Omg, pip was ace in the car! We had a nightmare drive due to snow and car accidents, but I tried really hard to only let her sleep during normal nap times. Boyf drove the whole way and I drove us all mental keeping child occupied. Then she had a genuine excited squealing moment about the snow, which was proper cute.

She also slept ok last night considering it's a strange place - even went to bed on her own at 8. She woke up at 2, then 4, then 7 - because it was all strange for her I just fed her at 4 instead of trying to comfort her. Amazing.

Does anyone else spend their time not quite enjoying the good sleep enough because you're dreading it going wrong (as it inevitably will)? I'm such a numpty.

tattyblue · 25/01/2015 12:41

Well, it's not so much a jerk as eyes closing... eyes closing... eyes closing... EYES OPEN, FOOLS. She's 15 weeks, and just starting to reach and grab so it might well be a bit of a brain growth spurt. We're also having 45 minute nap limit horror. I don't feel like a very adequate parent at the moment.

tattyblue · 25/01/2015 12:45

Oh, fate, I missed your message. She spits a dummy out with disgust unfortunately, although I keep trying. What did you do about over stimulation? Because that sounds like a plausible thing it might be. If we leave her in her crib she cries, though.

splendide · 25/01/2015 12:50

Brilliant Goats, glad it went so well. I absolutely am the same about dreading things will go wrong. I'm more advanced than you though so apply it to every single aspect of his behaviour and development.

FATEdestiny · 25/01/2015 14:05

I'd love to be able to give you some magic advise that worked with my eldest, but sorry I don't have any

I read things like "I'm really loathe to muck about with the basic bedtime routine because I think it works" and know exactly where you come from. We thought certain things were right and what babies should do, like bedtime in a cot upstairs early evening. In fact in insisting on this when it clearly wasn't happening, for us, it created many more far worse sleep associations (like the picking up/rocking/shushing) while we tried to shoe-horn a square into a circular hole.

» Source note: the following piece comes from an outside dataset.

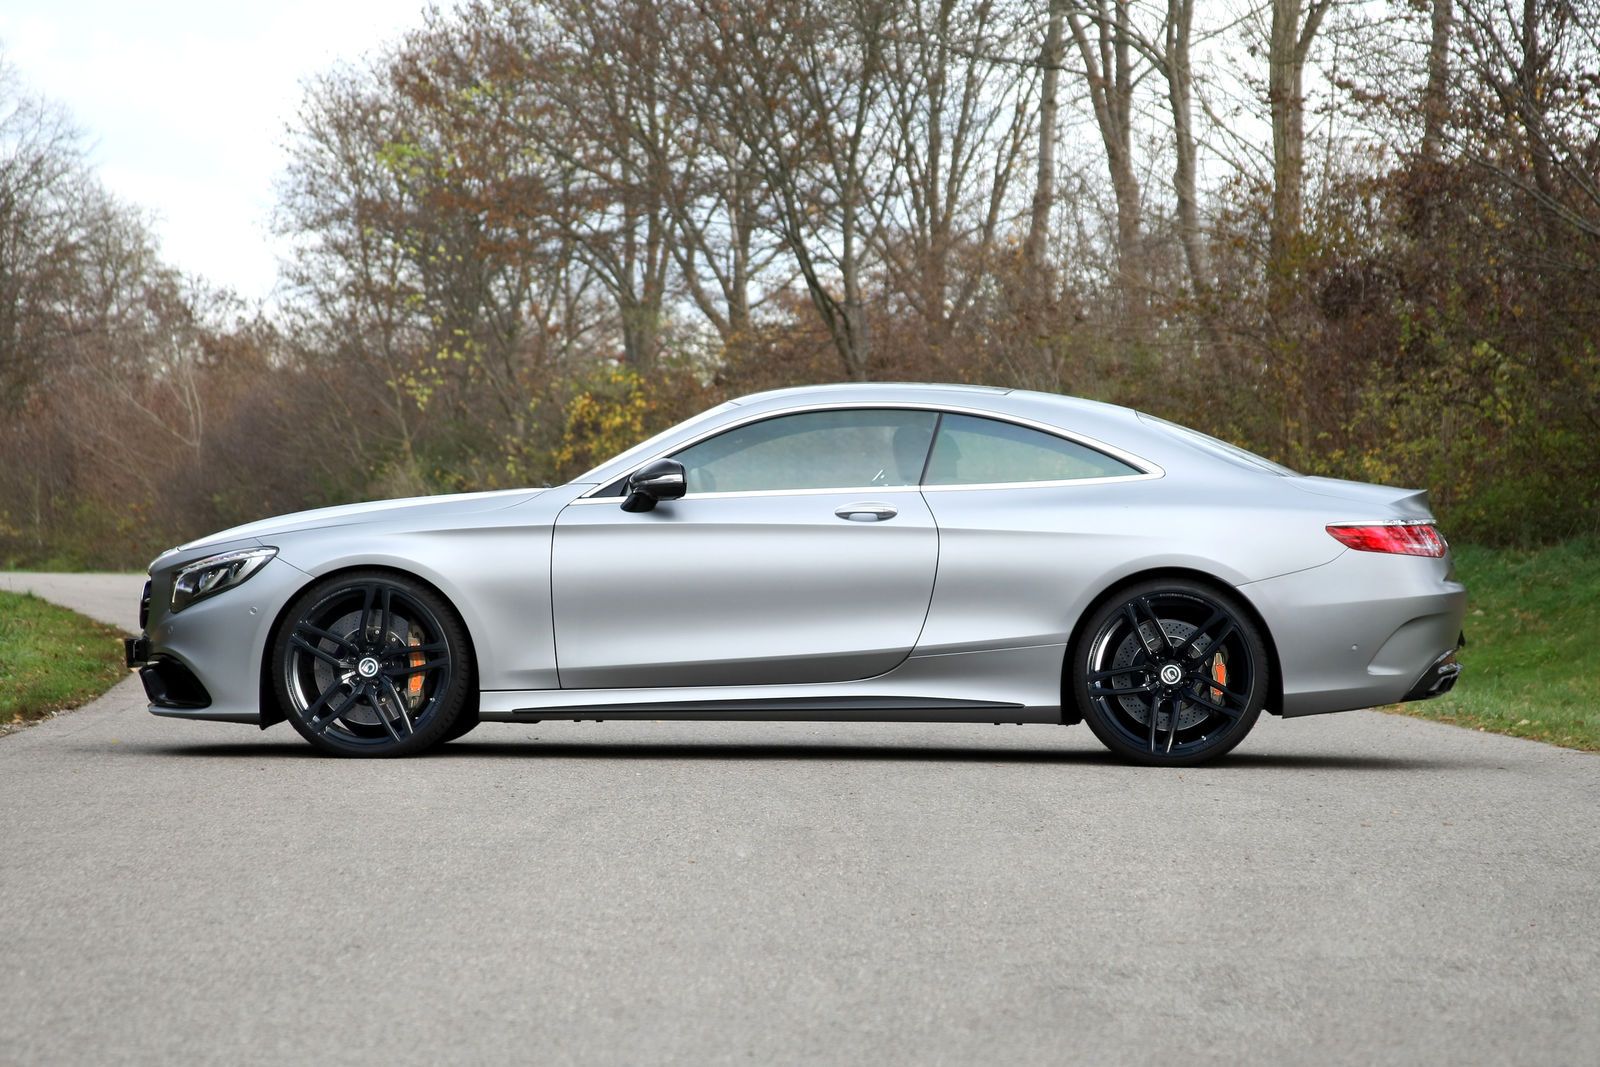 2016 Mercedes-AMG S63 Coupe By G-Power

I'd just stop all that worrying about must have a bedtime and just be kind to yourself (and baby and DH) and do what's easiest for a bit, in order to break the sleep associations. Have a week sitting on sofa with breast in mouth all evening. Or sitting in bouncy chair holding dummy in mouth. Whatever is easiest for now.

Then having broken the rocking/shushing habit, start bedtime routine again once you have a sleep trigger that you know works so she can self settle. We started bedtime with DD only when I knew she would lie still with dummy in her mouth and suck it for 10 minutes or so to get to sleep. If she was doing this at 4 weeks, I'd have started bedtime at 4 weeks. If it took to 7 months, I'd have been happy waiting until 7 months. As it happened she was about 14 weeks when she learnt to self settle using a dummy.

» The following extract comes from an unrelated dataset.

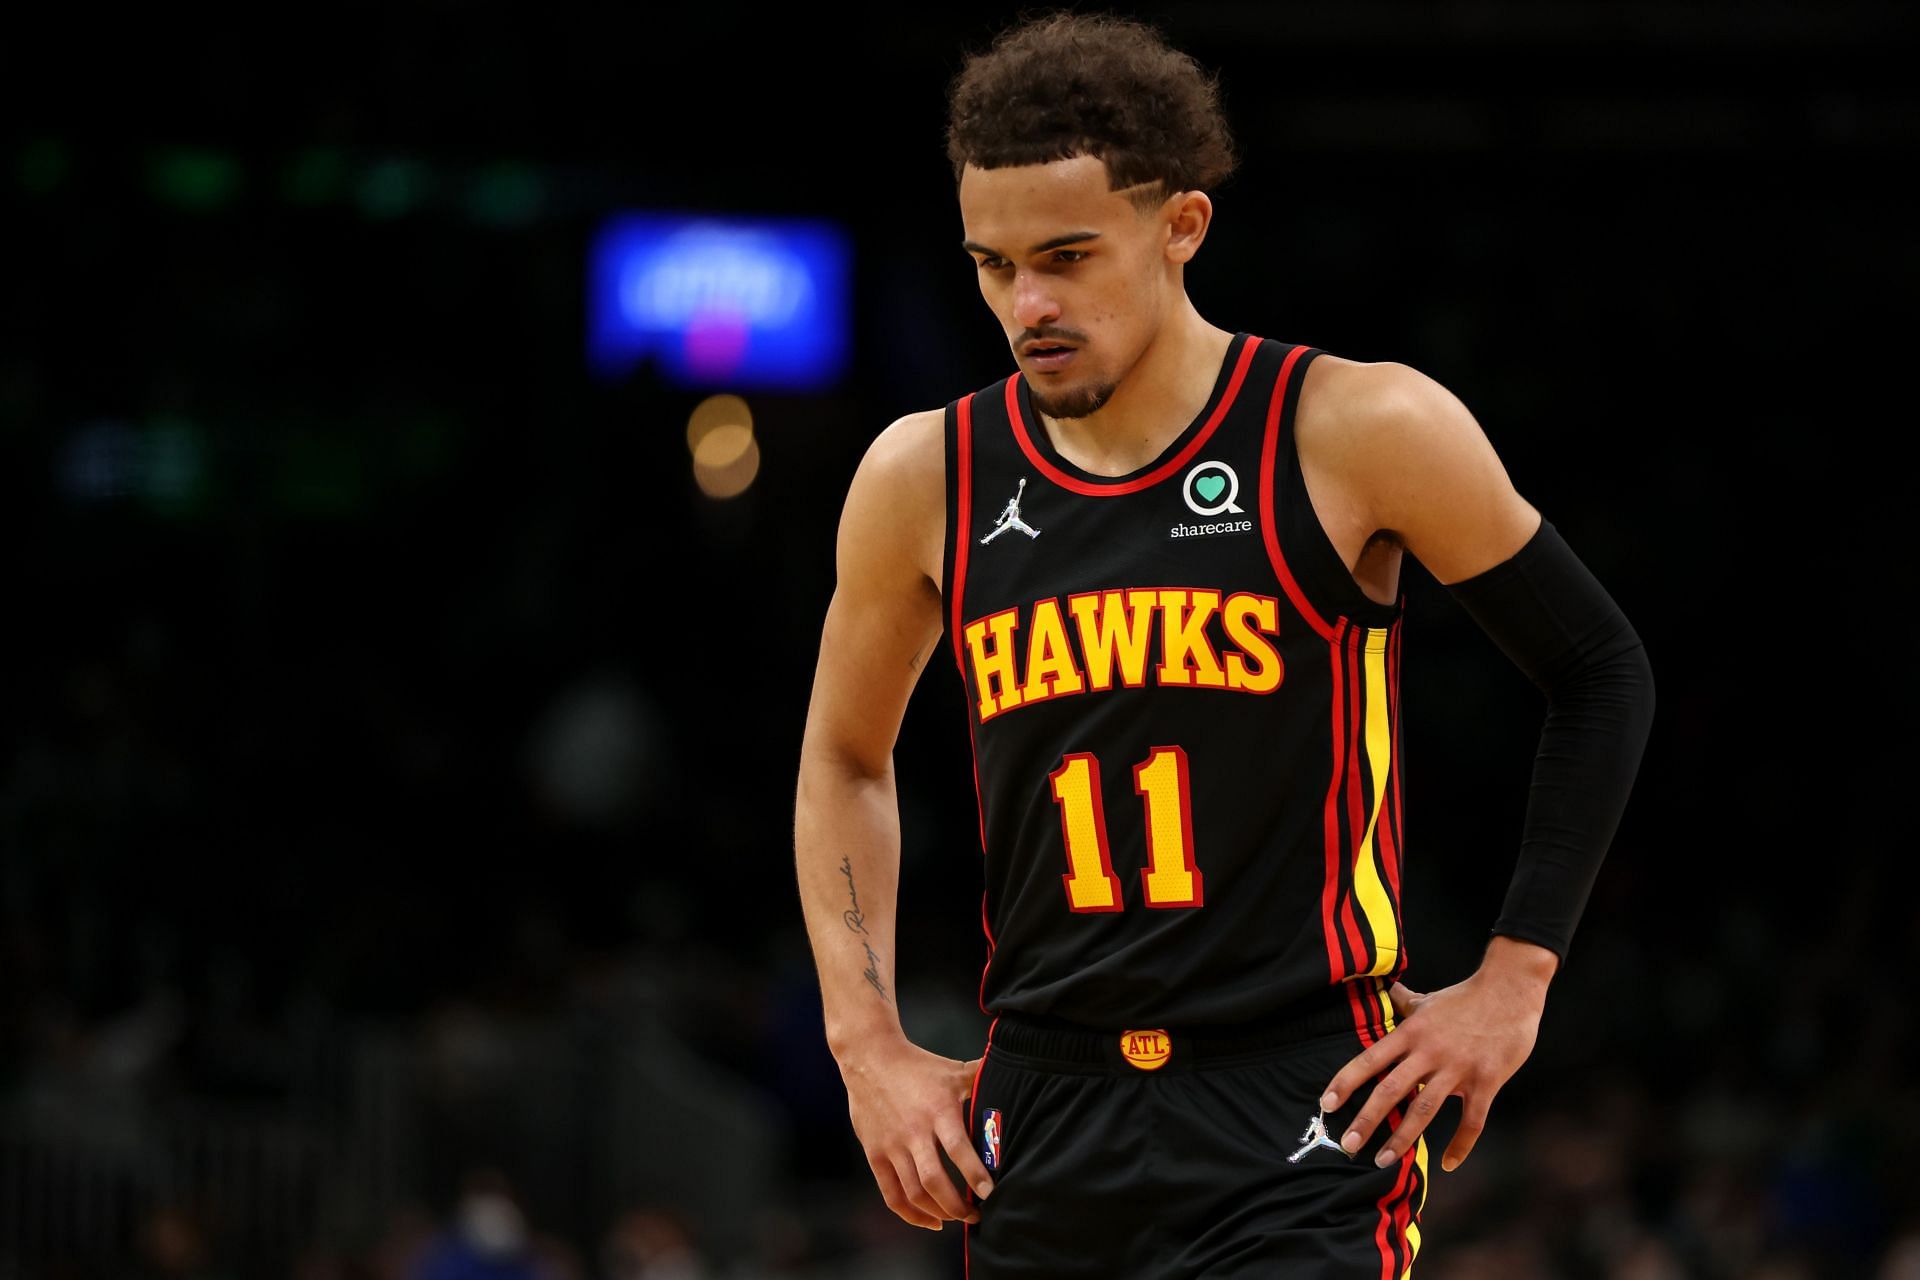 Atlanta Hawks star guard Trae Young in a game against the Boston Celtics

Other self settle sleep triggers:

  • Sucking (dummy, fingers)
  • Tickling (hand? Like in In The Night Garden)
  • Hair twiddling (or just head holding as a baby - DC3 did this)
  • Patting (DC2 used to do this. Patting him developed to him patting Ted)

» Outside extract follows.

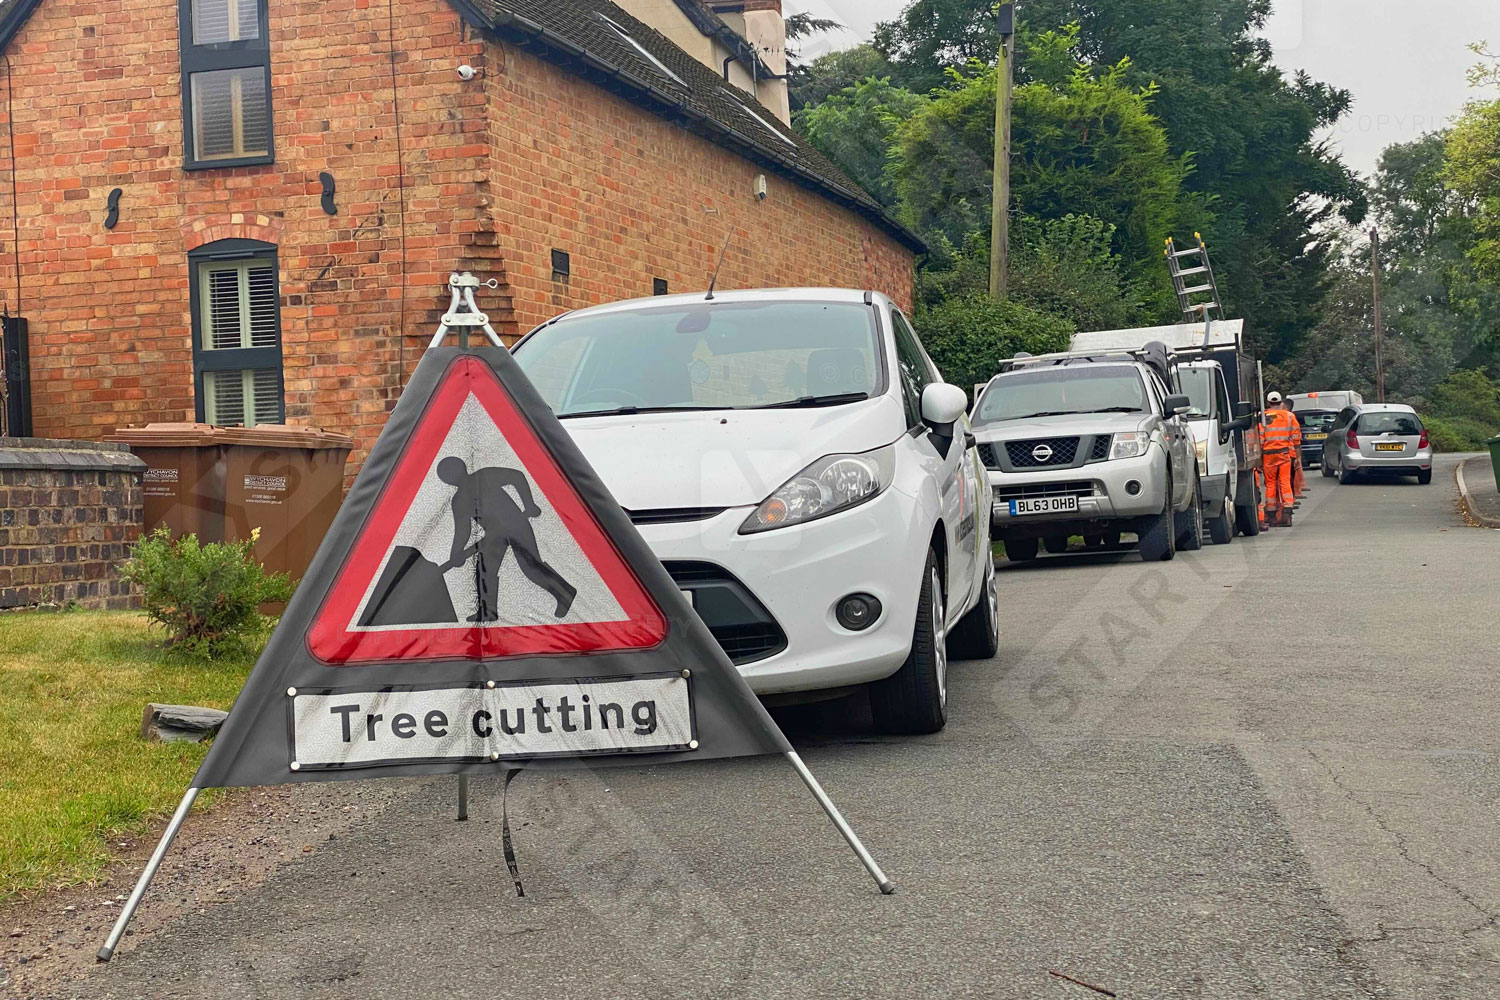 Tree cutting roll up sign in use

There'll be loads others I haven't thought of. Key is something child can do without you.

Honestly, I would abandon rocking to sleep because it's not teaching her to self settle.

YellowWellies · 25/01/2015 14:29

Snotty boy is obsessed with the Lion King. Better than his obsession with Fred Dibnah yesterday I suppose. He's just so wan. Red hot like a radiator despite being stripped to his vest and draped over me in a constant cuddle - which makes BF his sister a bit of a faff. I hate when they're ill. Lil was up twice in the night which isn't like her. I'm now actually hoping its the sleep regression as I really don't want it to be this bug. She's too wee.

Tatty I agree with Fate knock your pressure for what she's supposed to be doing on the head. My two both developed their own self soothing knack. J rubbed his blanket and Lil's a finger sooker. I did use to rock my boy when he was poorly and it gets back breaking. However if rocking is her thing - try a rocking chair and a good book on your kindle to make the most of the time.